|Viernes, octubre 31, 2014

Músculos Extensores de la Columna Vertebral  

Una serie de estratos fasciales, musculares, tendinosos, óseos y articulares integran la región como las fasciales, se extienden desde esa zona a las vecinas, a la región tóraco-lumbar, a la glútea, e incluso hasta los muslos, piernas y pies. El sistema circulatorio y en especial el sistema nervioso: nervios raquídeos, troncos nerviosos y ramas periféricas forman una red, que de la región lumbar y sagrada se extienden periféricamente craneal y caudalmente, generalizándose funcionalmente los desórdenes que tienen su origen en una zona regional a menudo muy limitada.

Desde el punto de vista muscular, fascial, tendinoso y como lo expresan gráficamente las figuras 3 a 6, la región lumbosagrada está formada por una serie de capas músculo-tendinosas que funcionalmente constituyen la musculatura espinal baja. De acuerdo con su disposición anatómica, desde la superficie a la profundidad, estos elementos son los siguientes:

Músculos de la región posterior del tronco

Fig. 3. Músculos de la región posterior del tronco, capa superficial.

1.Músculo dorsal ancho.
2.Trapecio
Tomado de Boulenaz E. Testut L. Latarjet A. Traité D’Anatomie Humanie. 8 a ed p. 874. París. Gaston Doin & Cie Ed. 1928.

Músculos de la región posterior del tronco

Fig. 4.

1. Músculo dorsal ancho
2. Aponeurosis lumbar.
Tomado de Dupret S. Testut L, Latarjet A. Traité D’Anatomie Humanie. 8 a ed. 874. Paris. Gaston Doin & Cie Ed. 1928.

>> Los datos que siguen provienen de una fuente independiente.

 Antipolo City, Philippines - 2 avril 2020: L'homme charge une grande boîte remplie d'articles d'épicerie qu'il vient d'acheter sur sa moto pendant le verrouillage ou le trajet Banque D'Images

Músculos iliocostal y dorsal largo

Fig. 5. Músculos iliocostal y dorsal largo

1.músculo iliocostal dorsal
2. músculo dorsal largo
3. masa común
Tomado de Dupret S. Testut L, Latarget A.: Traité D’Anatomie Humanie. 8ª Ed p. 829. Paris, gaston Doin & Cie Ed 1928.

Músculo glúteo mayor

Fig. 6.

1. Músculo glúteo mayor
2. Aponeurosis del tensor de la fascia lata
3. tensor de la fascia lata.
Tomado de Dupret S. Testut L., Latarget A.: Traité D’ Anatomie Humanie, 8ª ed p. 1106 7. Paris, Gaston Doin & Cie. Ed. 1928.

Aponeurosis lumbar

Se le da este nombre a la extensa lámina triangular que se extiende debajo de la piel, y que ocupa a la vez la parte inferior de la región dorsal, la región lumbar y la región sagrada. La base de este triángulo se inserta sobre las apófisis espinosas de las últimas vértebras dorsales, las 5 lumbares, sobre los ligamentos interespinosos, y sobre la cresta sagrada. Su borde superoexterno recibe los haces carnosos del ancho dorsal, su borde inferior se inserta en la cresta ilíaca del coxal y borde inferior posterior de este hueso. Recibe algunos haces carnosos del glúteo mayor. Figura 4.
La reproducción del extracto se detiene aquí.